And Rory McElroy backed off.
One of them showed,
Can you take it, Rory?
And then they started squeezing Thai docks making them.
I mean, compared to English football,
it's baby steps of verbal abuse.
It's still for them.
It's still things.
It's a long learning.
I don't think they have the wanker sign in America.
No.
No, they don't.
I mean, that's really limited to your competitor of you.
It's like missing a vowel in your alphabet.
Oh, man, it is, though.
I mean, if you're into abuse to not have the wanker sign at your fingertips, so to speak.
Do you think there's a sort of group of American sports fans doing a sort of lab,
sitting there's got to be a way we can imply masturbation.
Yeah, exactly.
God, if only you had a hand gesture.
I never really like doing that because I always think...
You're right.
Yeah, no, I just choked on the...
Because you swore and you used an expletive.
But I never liked doing that sign, Frank,
because I felt that people were perhaps secretly judging me on my technique.
Yeah, I...
I must have me.
I did, I think, well, they look at me and think she's rubbish.
I didn't do it because it felt like rank hypocrisy.
But anyway, I was there.
I was whooping.
I was watching it on my own.
Obviously, my family don't want to watch the rider cop.
So I'm there.
I'm whooping.
A very intelligent people.
When a European podcast, I'm staying up till, you know, late at night, watching it.

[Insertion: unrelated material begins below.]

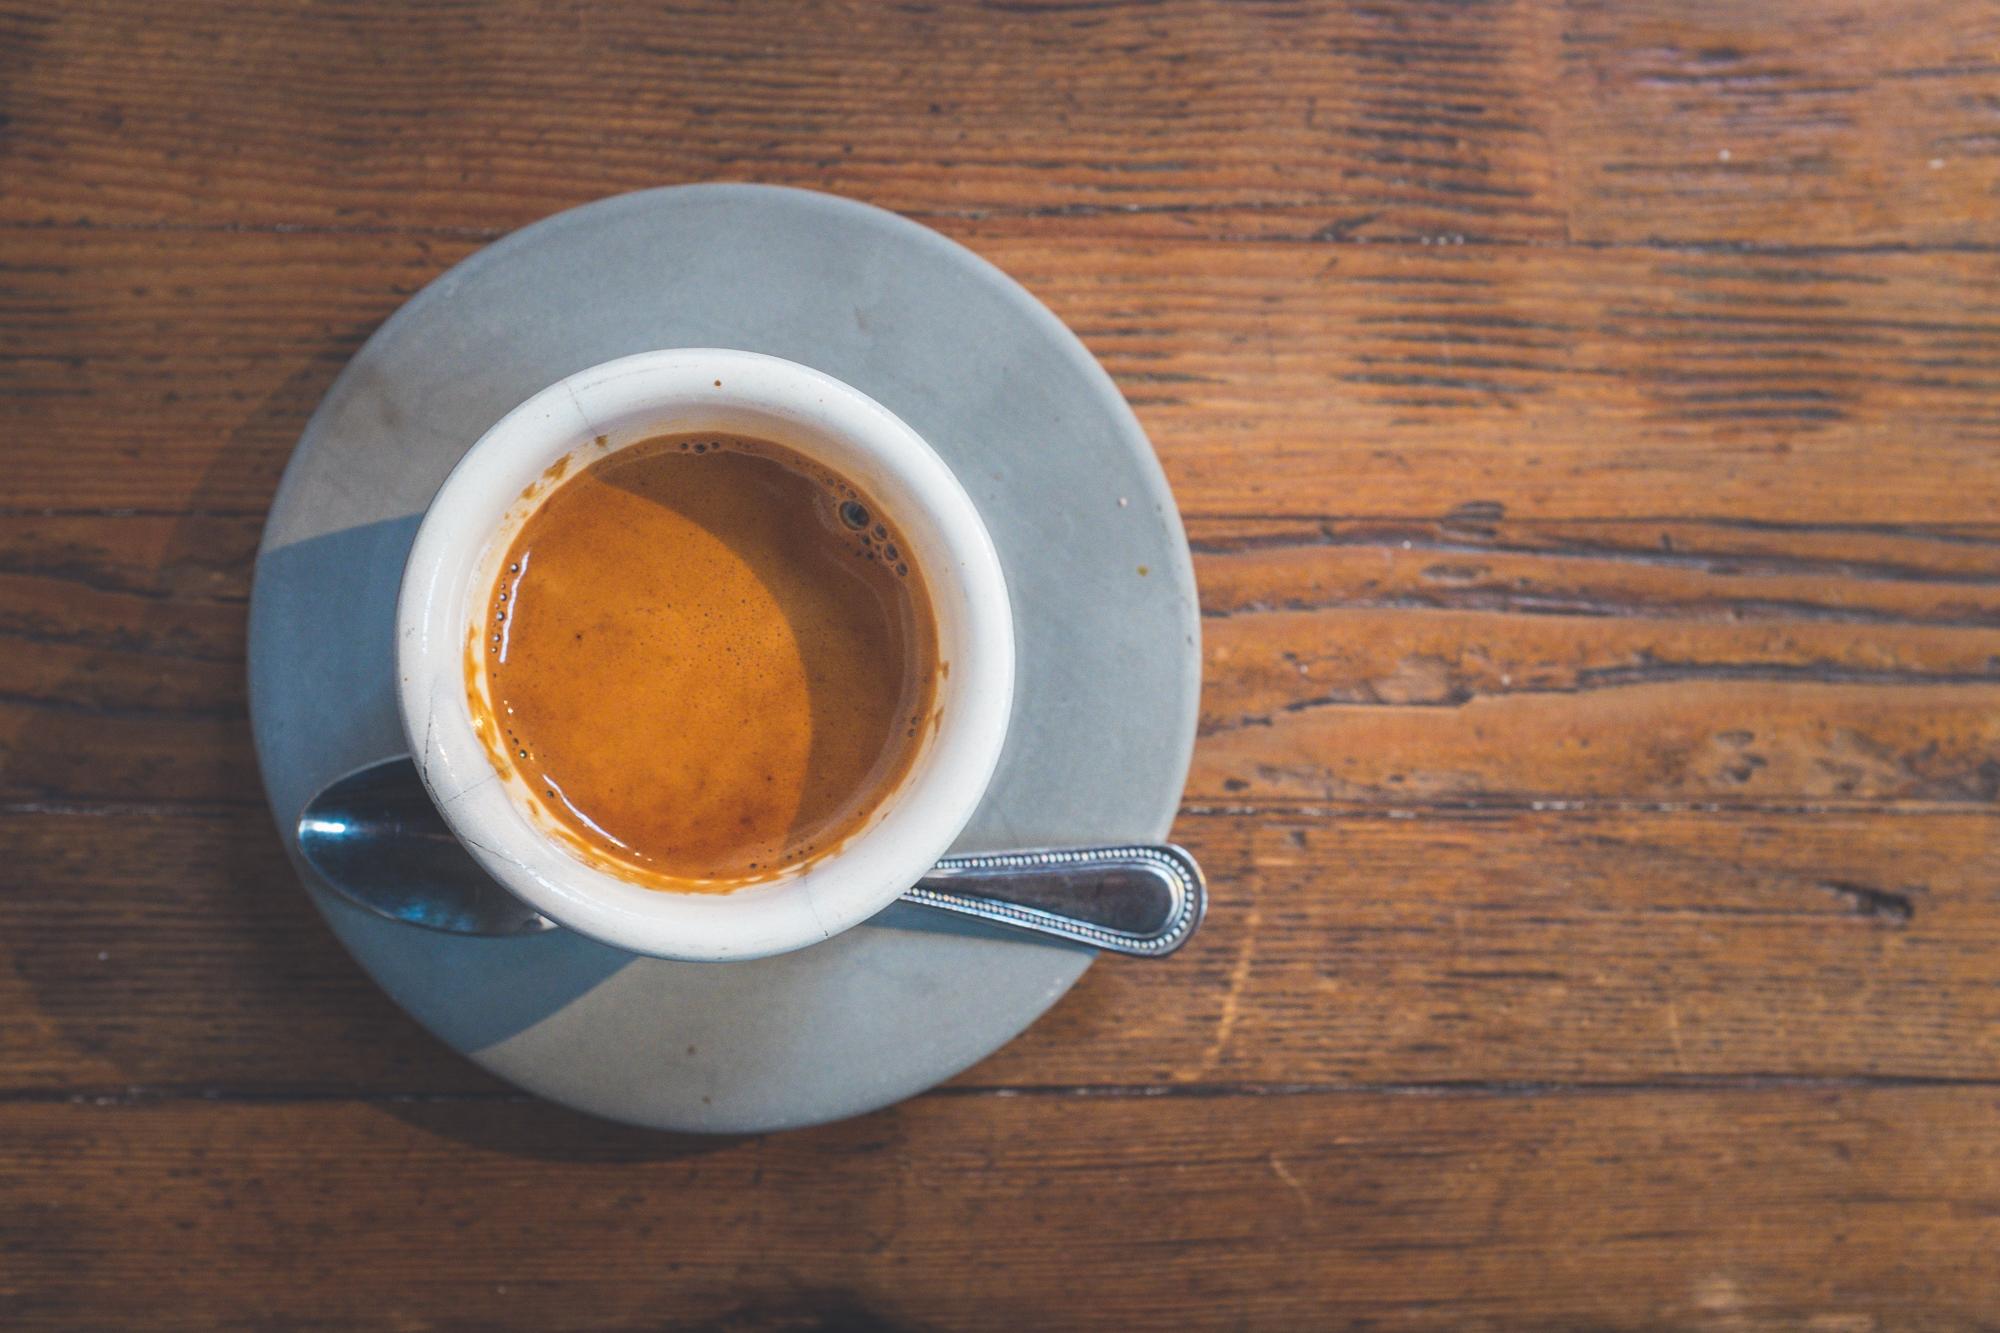 Coffee or not coffee ? - Excitant et addictif, le café n'en demeure pas moins une boisson de dégustation riche de certains bienfaits : anti-inflammatoire, antioxydant, il apporte aussi des vitamines et minéraux. Quant à son effet potentiellement acidifiant, tout reste à prouver. Explications.

And really, so anyway, Europe won on the Sunday.
They got the trophy.
And they held up the trophy.
And I thought, what earth did I see in this?
The spell was broken.
Have I watched this?
And honestly, fell away from me.
Oh, shit, it's fucking golf.
I switched it off.
I haven't read a report.
I haven't looked.
It's absolutely gone.
I just thought, what on earth did I see?
So it's midnight back into a pumpkin.
Exactly.
Gone.
Frank, why do you think you had this sudden vault fast?
Yes, I said vault fast.
Watching it was a vault fast
because I've never been into
I took my son to the driving range
I think I told you recently
I don't know if that triggered anything
I thought you were entering your golf here
but honestly as soon as the trophy went up
I was disgusted
with it and with myself
I'd been obsessed
I've been talking to people
I've been to the rider cop last night
are you going to have to go
apologising to everyone you've spoken to about
I think you should
release a statement through your PR
saying, thanks Skinner would just like it.
It doesn't represent him.
Well, it's, it's, all the American fans went
as soon as it was apparent that they couldn't win.
They all went home.
Maybe it was as soon as the abuse stopped.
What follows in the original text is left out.